Abim de artık Ferdi dinliyor…
İşe ne zaman döneceksin?
Tabi ya;
Makinelerin borçları var;
Yapılacak, delinecek siboplar,
Aslına bakarsanız;
Patron, patron kalmanın peşinde!
Ferdi dinlemişsin, Orhan dinlemişsin çokta derdinde!
&&&&&&&&&
Sağ olsun, gelmiş geçmiş bütün iktidarlar, muhalefetler ve patronlar…
El ele vermiş Türk halkına gazel okuyorlar! Kasetler, dosyalar havada uçuşuyor.
Kimisi sokaklarda, kimisi TV. de, kimisi iş yerlerinde…
Bu bize “Ninni” gibi geliyor…
Uyusun da büyüsün ninni“Ninnide yavruma ninni”
Hep uyuyoruz…
Geçen gün bir haber geldi "Sonunda hizipçi gitti, aramıza ne zaman dönüyorsun"!!!

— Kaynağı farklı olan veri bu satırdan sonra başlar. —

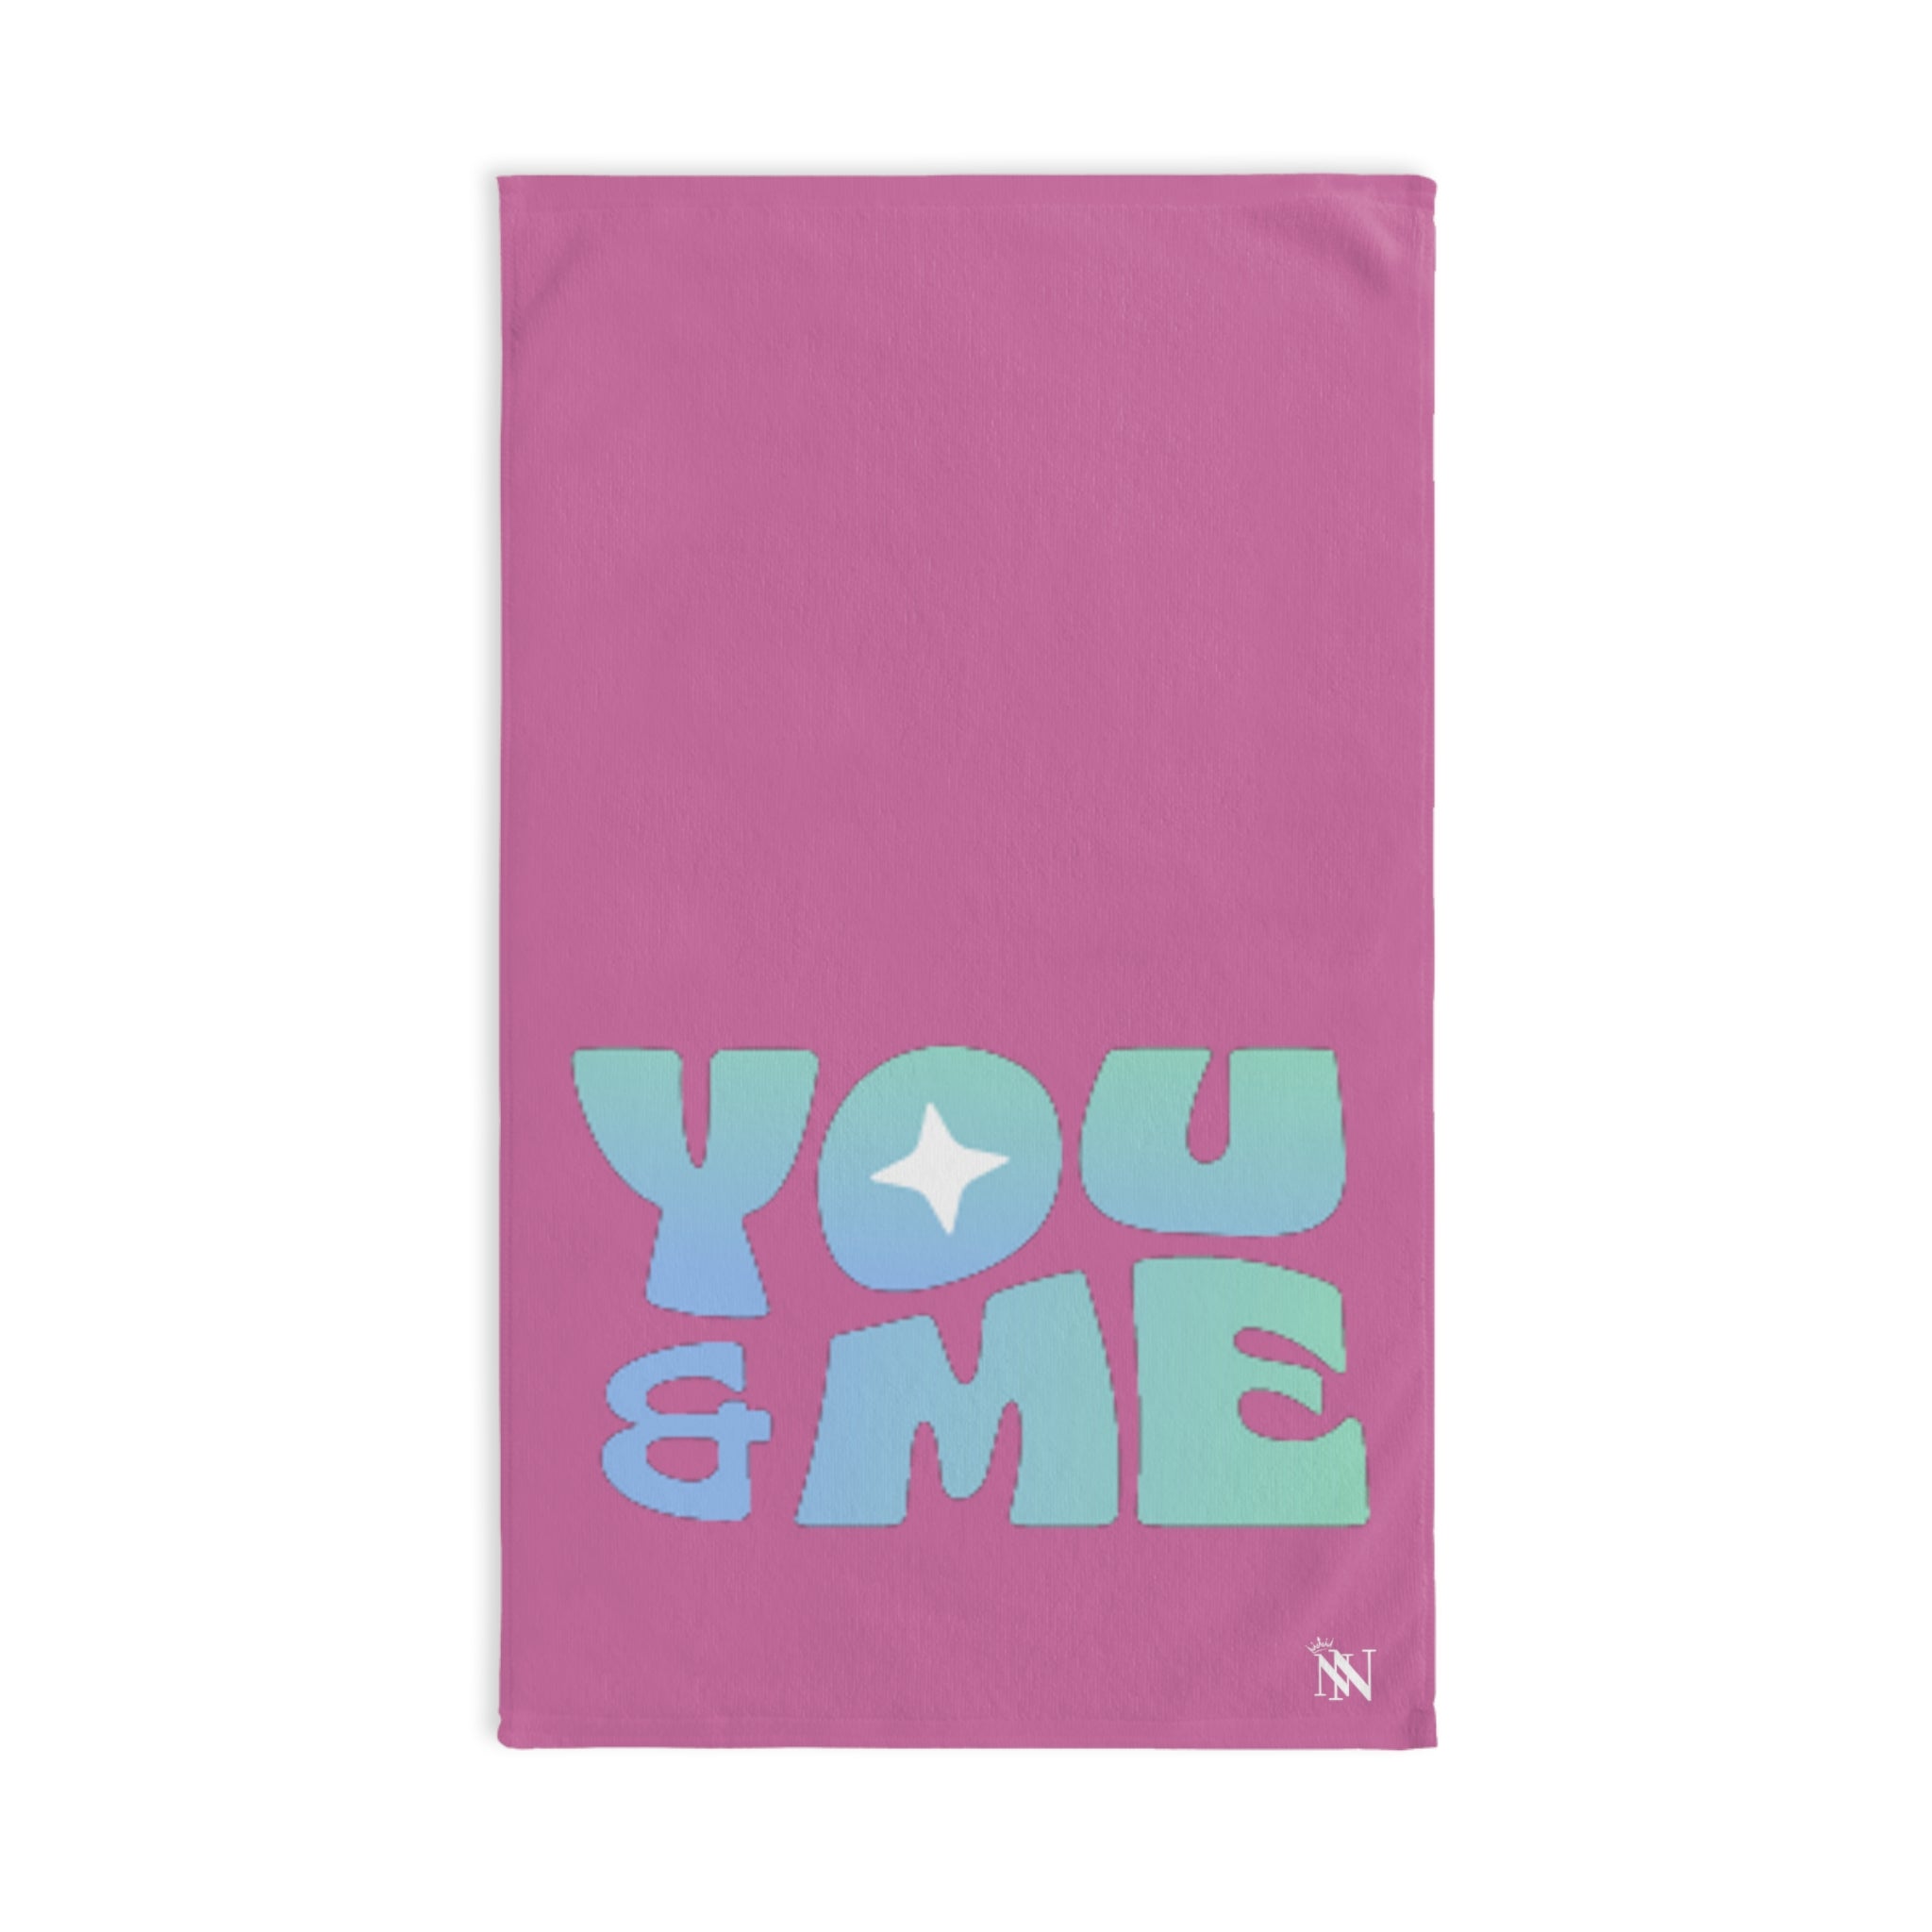 You Me TogetherPink | Novelty Gifts for Boyfriend, Funny Towel Romantic Gift for Wedding Couple Fiance First Year Anniversary Valentines, Party Gag Gifts, Joke Humor Cloth for Husband Men BF NECTAR NAPKINS

Tabi ya benim de derdim oydu!
Vatan millet Sakarya edebiyatı ile
Siz koltuğa oturacaksınız,
Biz de sizin şakşakçınız olacağız;
Pardon yani!
Başkalarının yolsuzluklarını ortaya çıkarıp kendi yolsuzluklarınızı örteceksiniz!
Başkalarının yandaşlarının önünü kesip kendi yandaşlarınız ile açığı kapatacaksınız!
Bunu daha önce de gördük!
Bizim için, halk için ne yapacaksınız siz onu söyleyin;
Sazan’mıyız biz?
Velhasıl kerim, daha delinecek çok sibop var!
"Bilsen uzaklarda kimler ağlıyor...."
(Bi uyanamadık anasını satim, uyansak balığa gideceğiz
Sazana!)[/I]
:)
YORUMLAR
talipgirgin
Tebrik ediyorum. Mesaj bakımından etkiliydi. Gülümseyerek okudum. Selamlar
talipgirgin
İşçilerin dünyalarından bir kesit sunmuşsunuz...Farklı bir anlatım.
Bir solukta okudum.
Tebrikler.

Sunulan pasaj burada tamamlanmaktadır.